■ WHAT YOU SHOULD DO
Copy, please, the line with "Main Image - Wallin" and each line that follows it through the end of the data below, exactly as given and without pictures.

■ INFORMATION PROVIDED
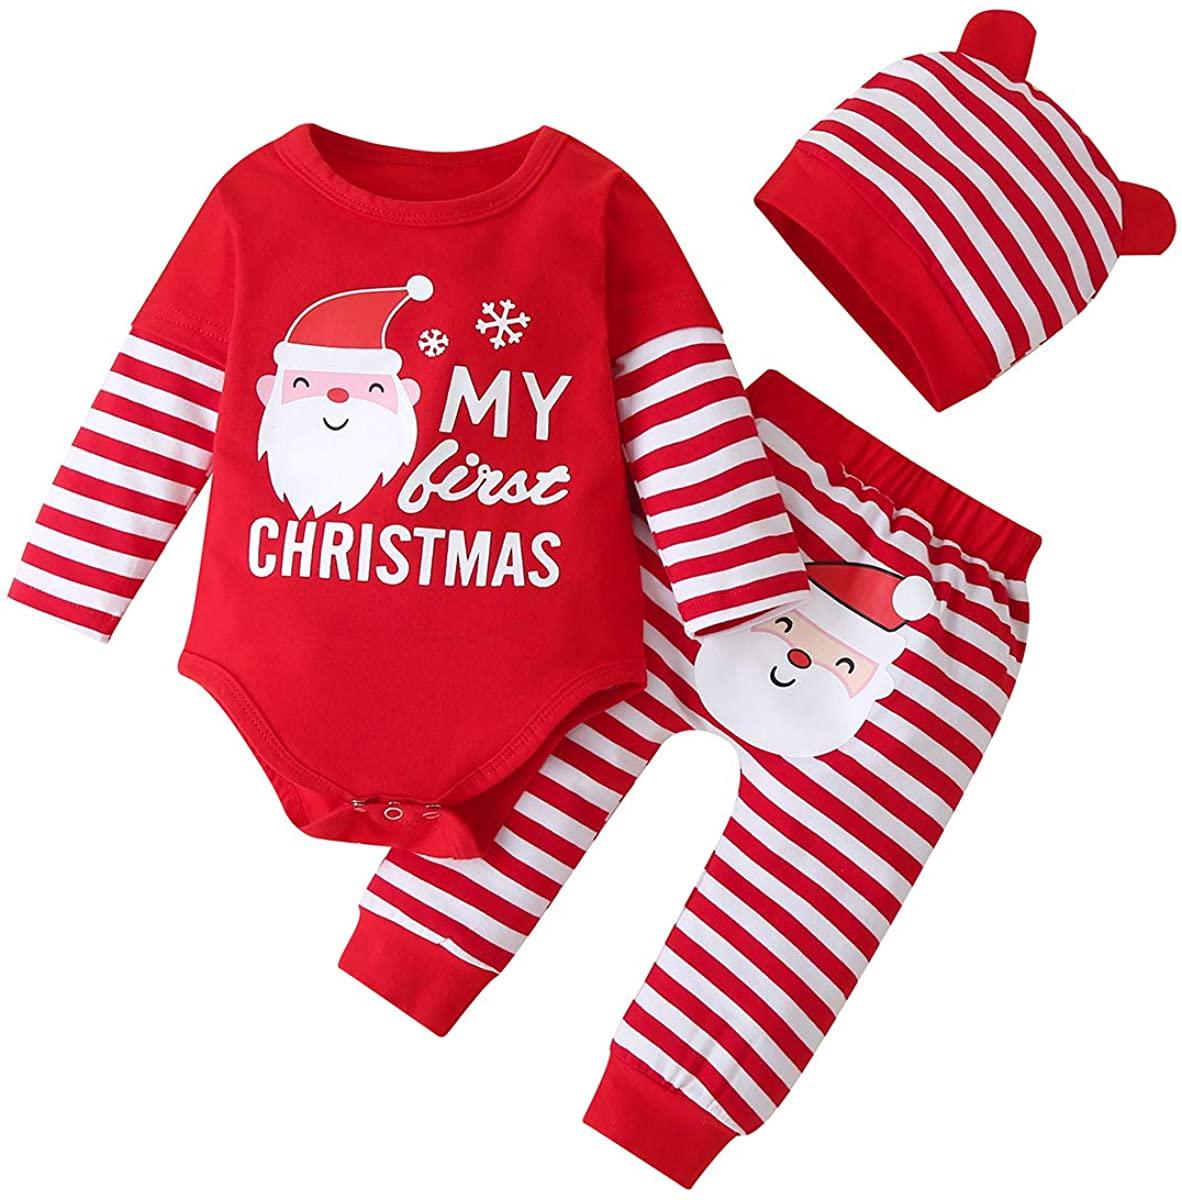 Newborn Infant Baby Boy Girl Christmas Clothes My 1st Christmas Romper + Stripe Pants + Hat 3pcs Outfit Set
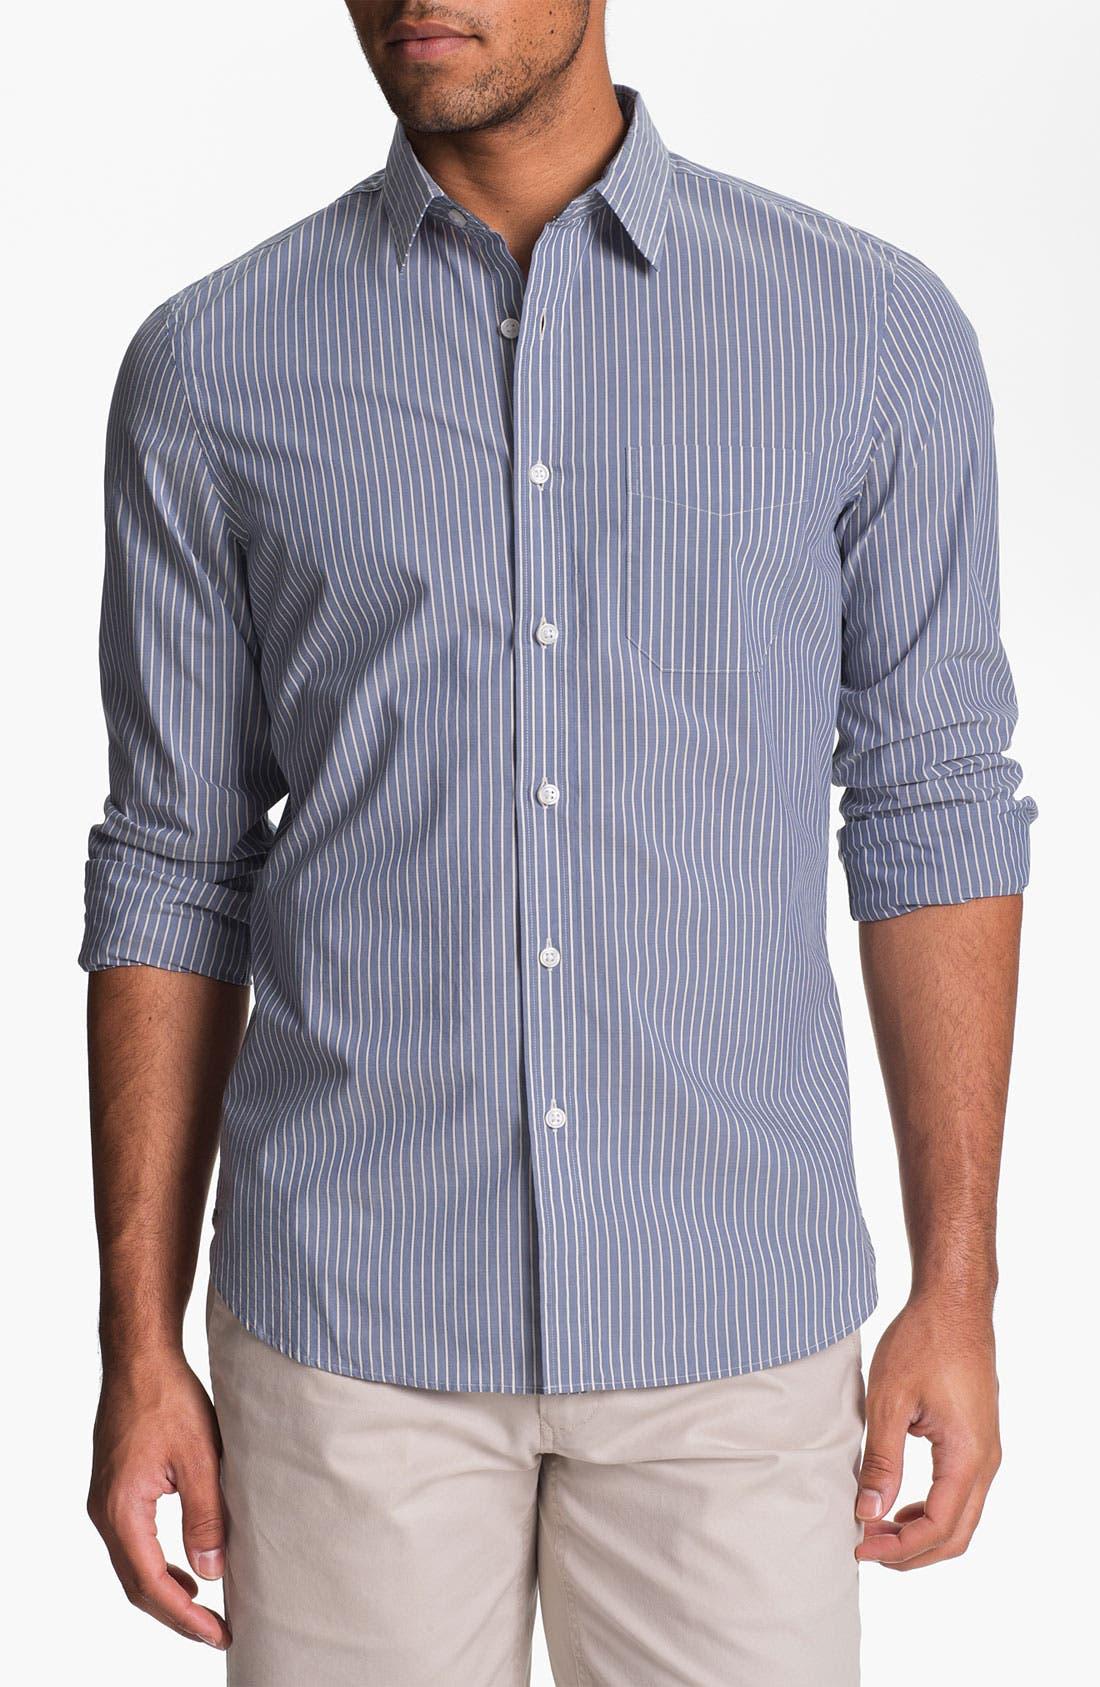 Main Image - Wallin & Bros. Trim Fit Poplin Sport Shirt
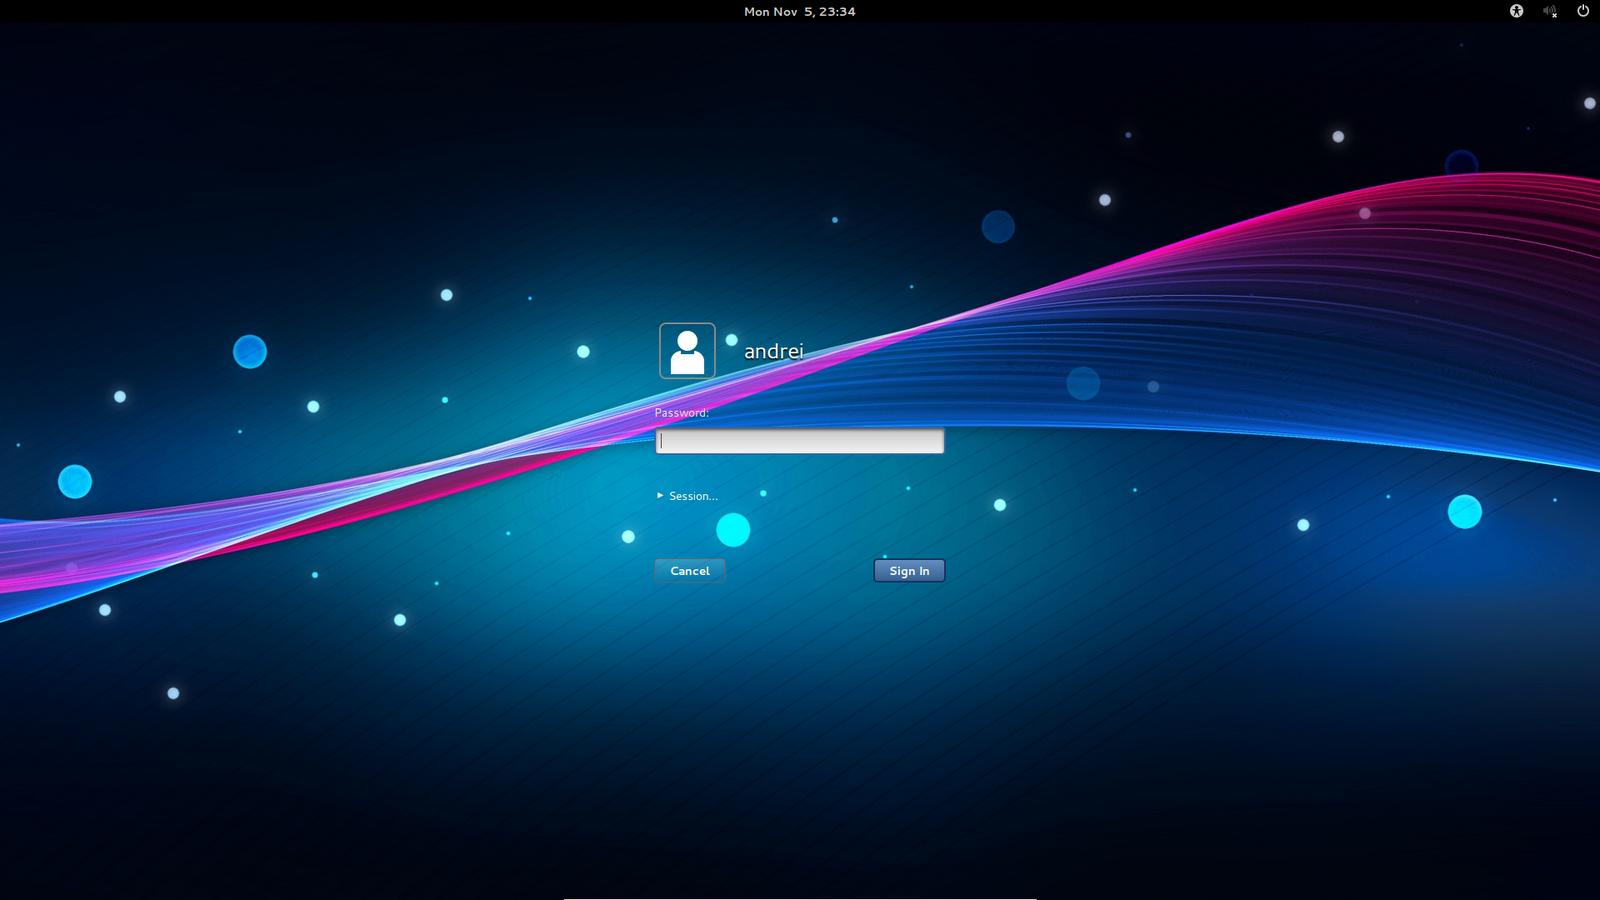 Free download Lock Screen Change Theme Wallpaper Web Upd8
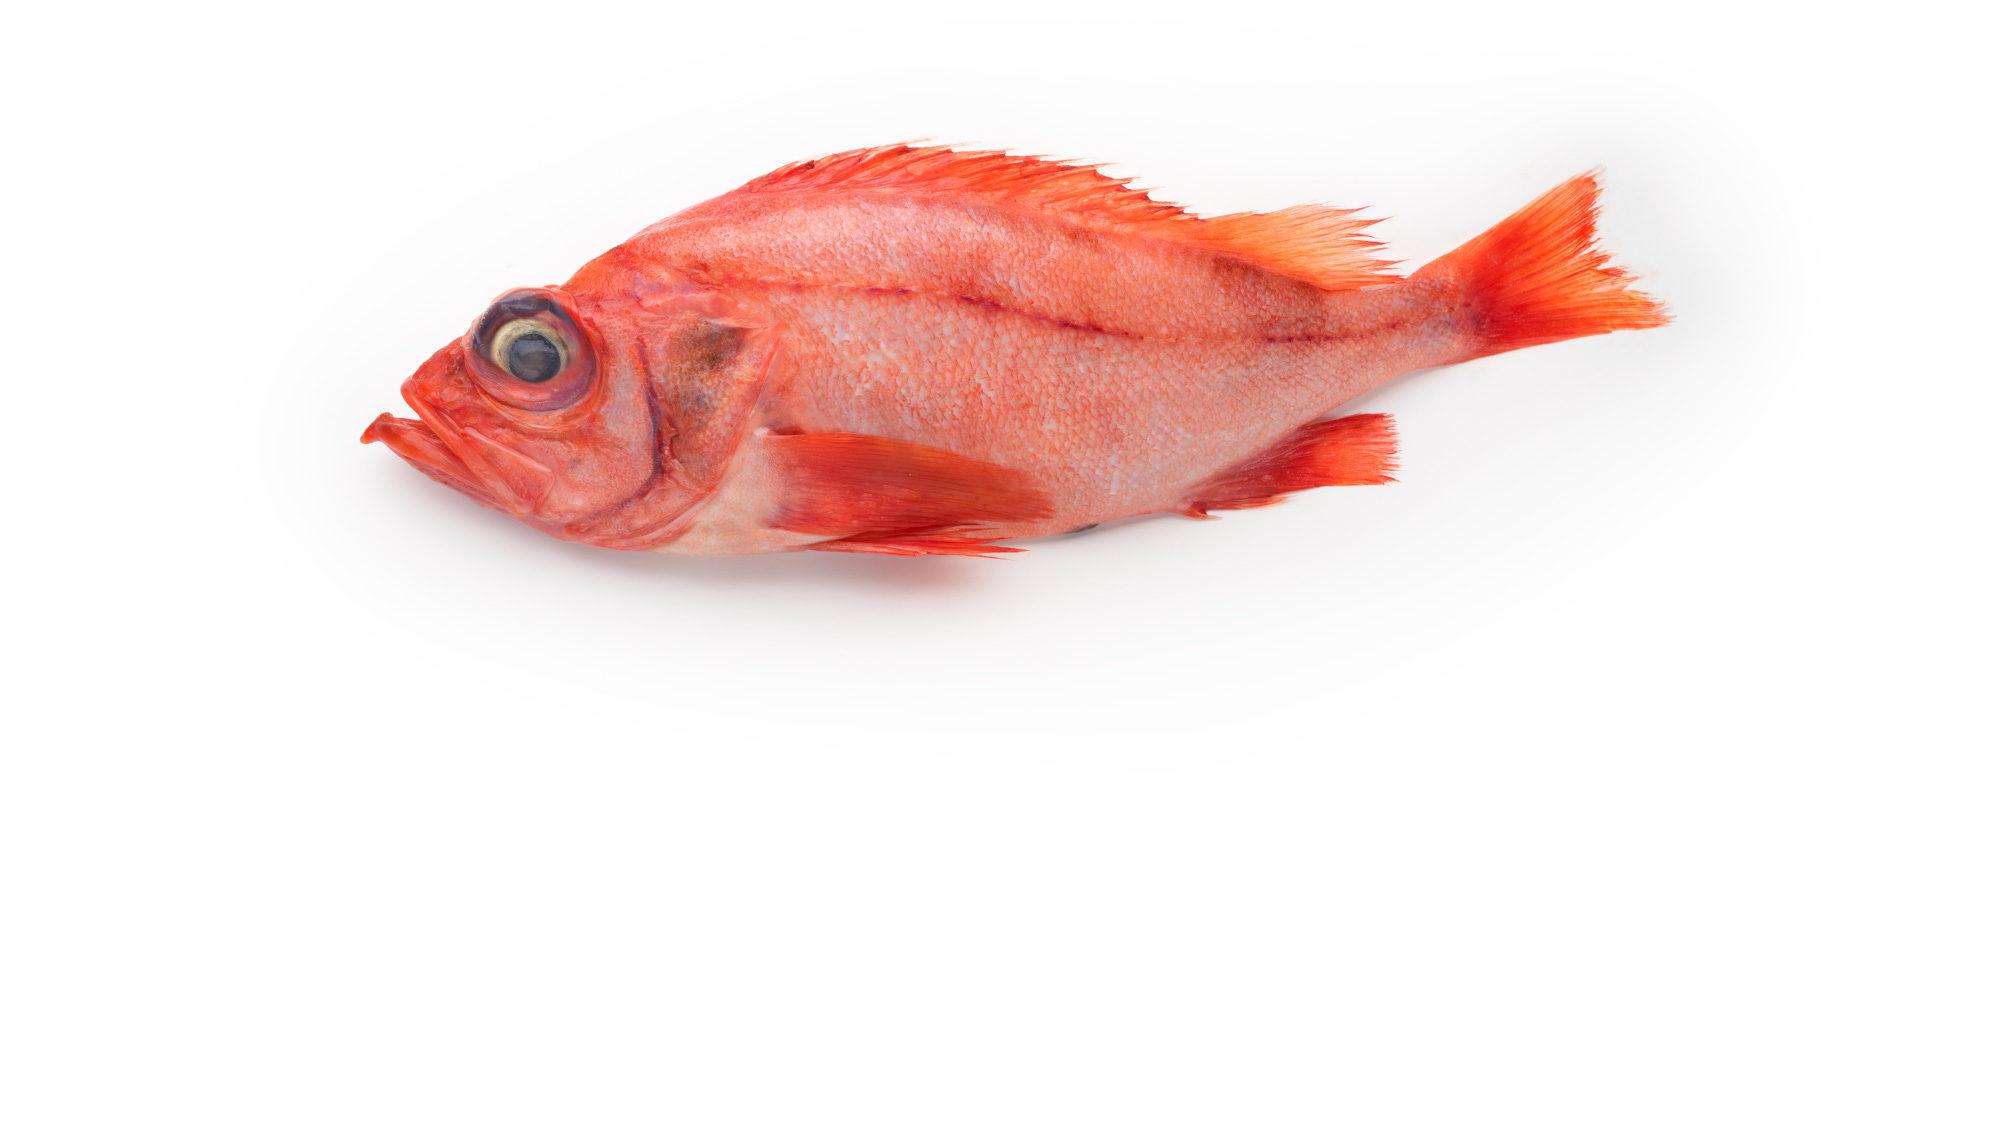 red-fish-ocean-perch-sebastes-fasciatus-sebastes-mentella

■ OUTPUT OF THE EXERCISE
 Main Image - Wallin & Bros. Trim Fit Poplin Sport Shirt
 Free download Lock Screen Change Theme Wallpaper Web Upd8
 red-fish-ocean-perch-sebastes-fasciatus-sebastes-mentella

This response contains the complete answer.